The disproportionate effect on Black Americans is clear.
These uneven consequences of the pandemic grow even more pronounced when it comes to our own clients, people with and without homes, returning citizens, and families with extreme food insecurity. As the pandemic drew on, we saw Thrive DC's weekly grocery distribution triple in numbers, employment assistance increase, and many new faces show up in line for our hot meals to-go.
Throughout the pandemic, we have served hundreds of extra people each week outside our doors. We have also connected with over 2,000 individuals and families through distributing food to mutual aid networks and other pantry partners. These new clients are predominately people of color.
Black residents make up 87% of adults experiencing homelessness in DC.
The pandemic has exposed many inequalities in our city and across our country that are hard to ignore. Black and Brown Americans have not suffered worse under COVID-19 because of inherent differences, but because of social constructs and a history that has primed our clients to fare worse. And as the pandemic has affected communities unequally, our response will be heavily weighted on issues affecting those most impacted. Our response must seek to level the playing field.
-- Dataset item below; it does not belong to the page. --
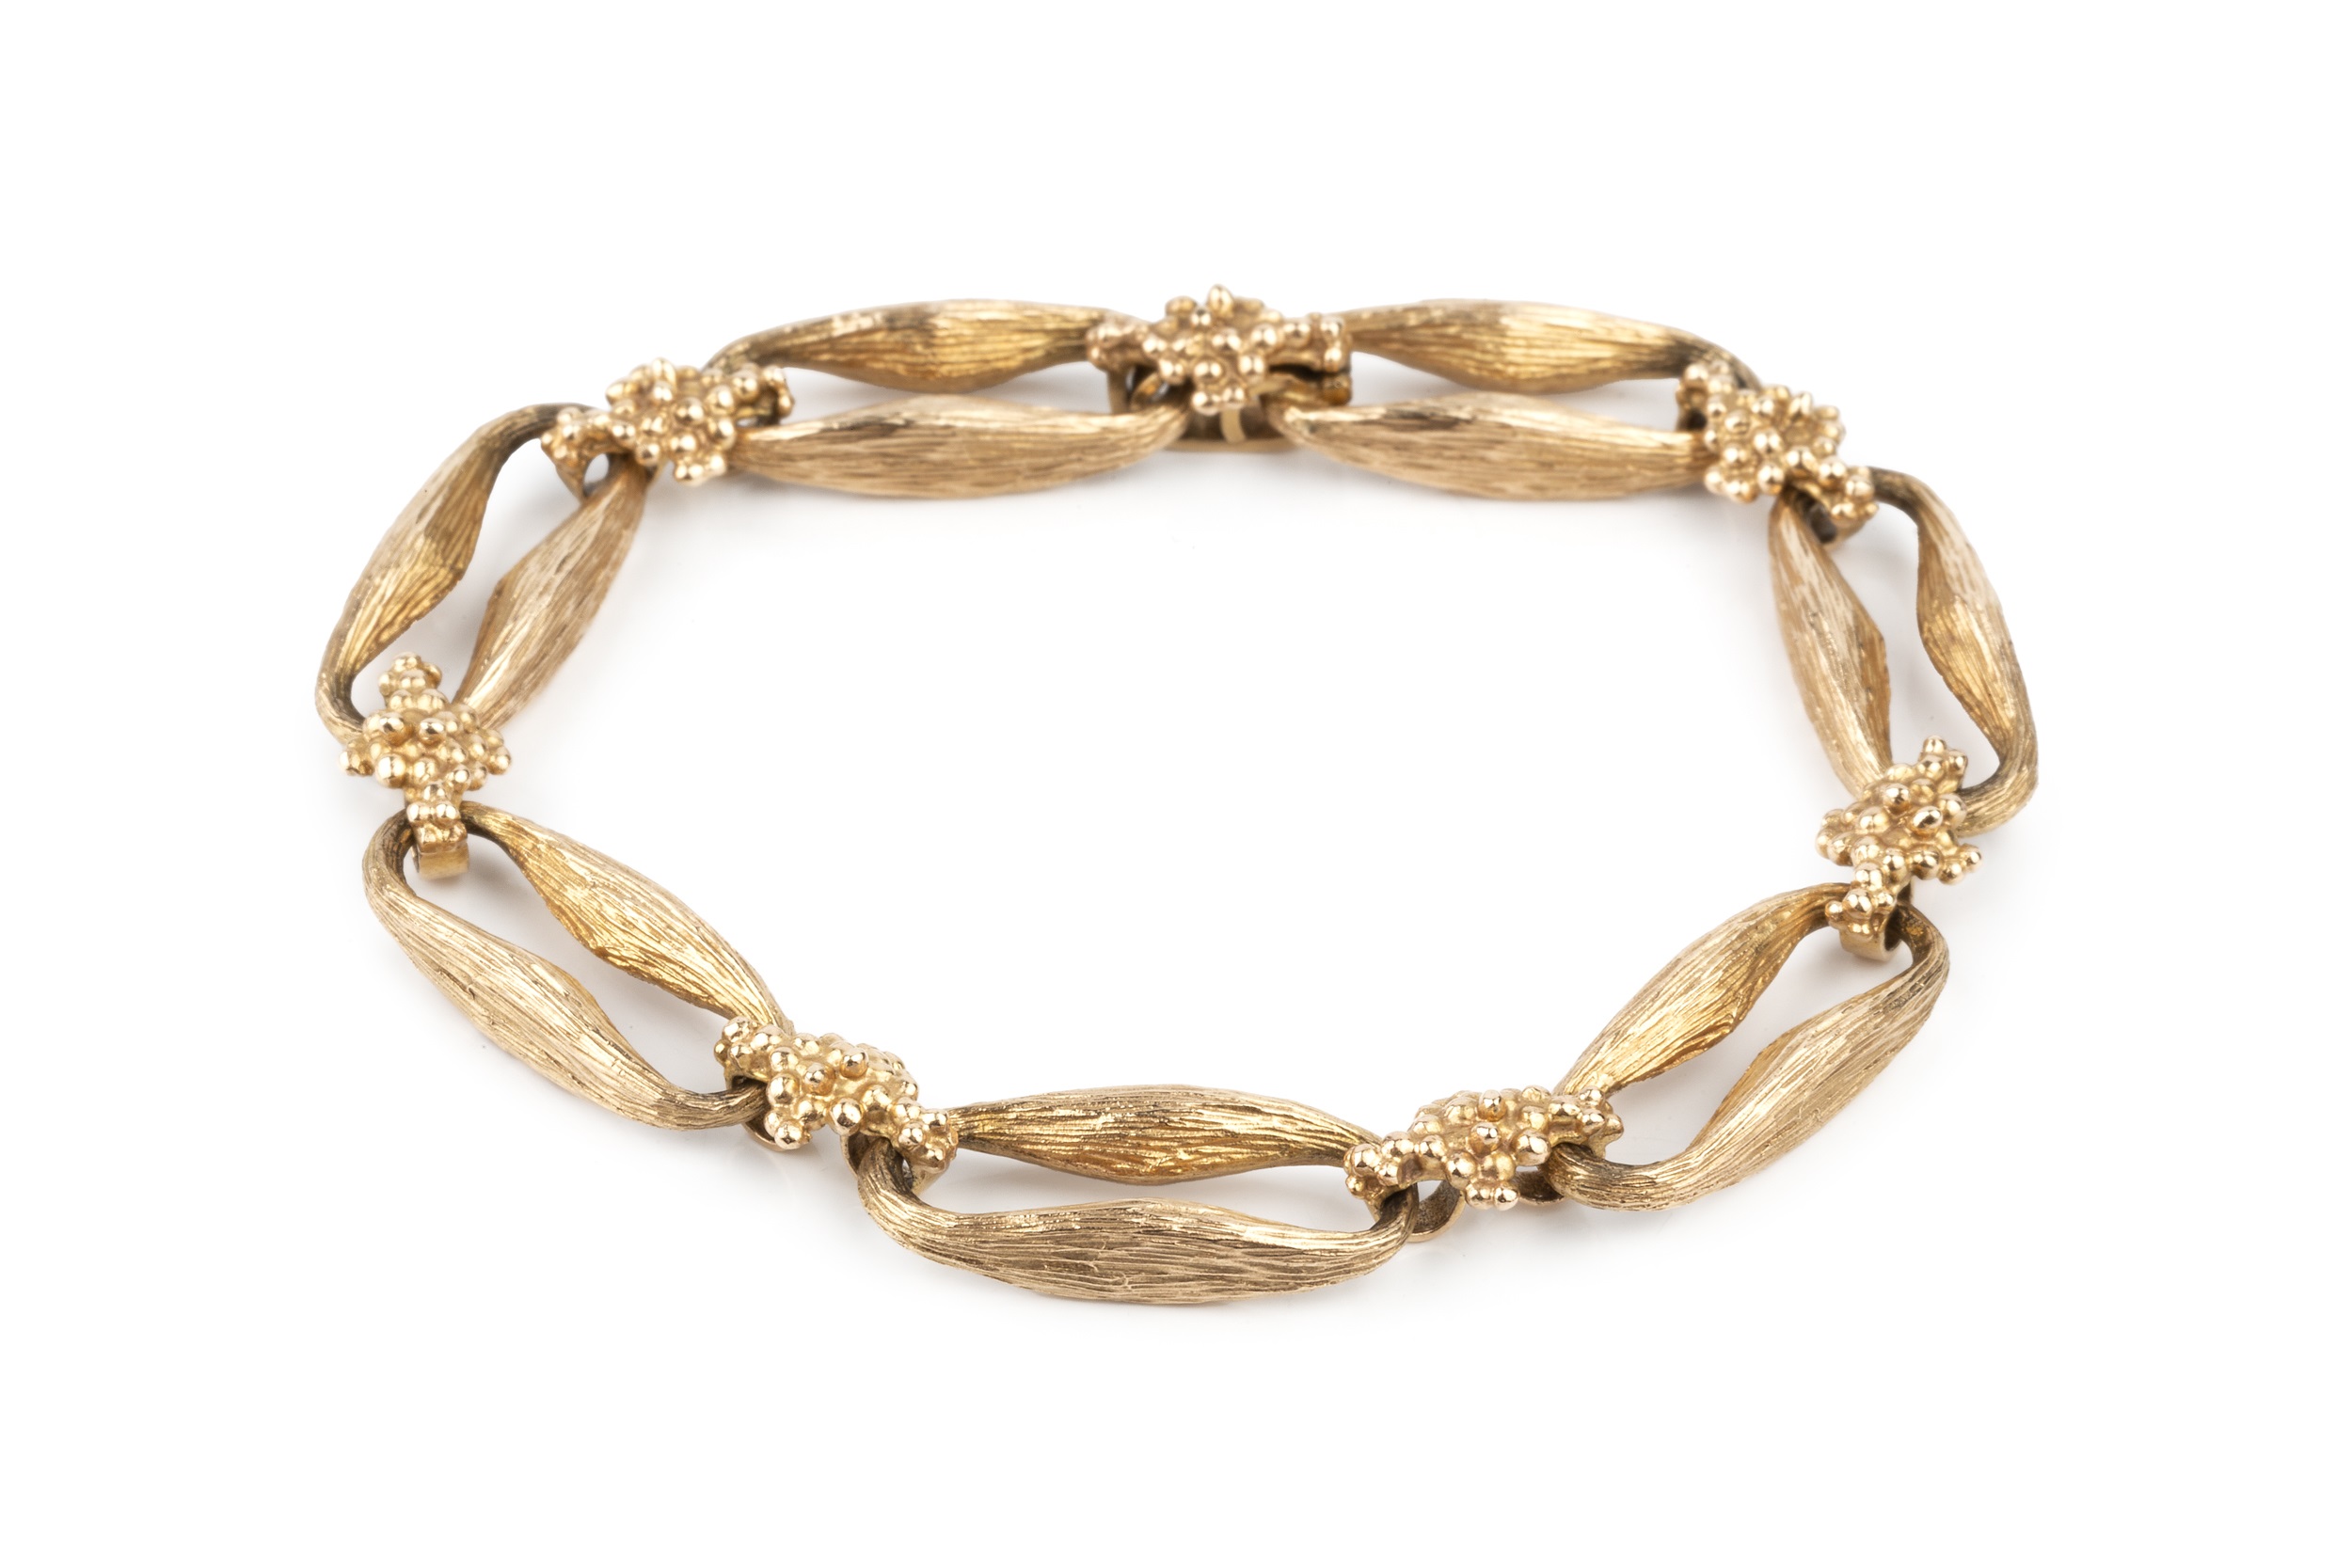 A 9ct gold bracelet, formed of shaped and textured elongated oval links with cluster spacers

Over the next few weeks, Thrive DC will be publishing a series of articles that examine the unequal ways the pandemic has affected our communities. We will take brief looks at the pandemic through the lenses of Housing, Employment, and Healthcare. At the end of each article, we will suggest some broad policy solutions that can address the injustice we've seen our clients experience and proactively work toward preventing these disparities from happening again.
In Washington, DC, a city with one of the largest homeless populations in the nation, COVID-19 has hit our city hard.
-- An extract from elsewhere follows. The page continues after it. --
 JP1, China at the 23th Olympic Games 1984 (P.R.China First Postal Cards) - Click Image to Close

For those experiencing homelessness, a crisis in itself, this new crisis added an even greater layer of hardship.
And it's impossible to ignore that this population - the hardest hit by the pandemic, the ones who are six timesmore likely to die of COVID-19 and who make up 86.4% of the homeless population - are Black residents of DC.
Discrimination and Housing
In a city full of housing and employment opportunities, why is homelessness so prevalent for Black residents and why has that same population been so hard hit by the pandemic?
Addressing the concentrated impact of COVID-19 on this community cannot be done without addressing the root causes, one of which is racism in housing.
Housing discrimination is deeply rooted in our country. Black citizens have been barred from affordable housing, endure implicit biasesin the housing market, and the federal government denies returning citizens access to public housing. The system has continually discouraged Black Americans from homeownership. This continuing depressed homeownership has created a massive wealth gap between white households and Black households in DC.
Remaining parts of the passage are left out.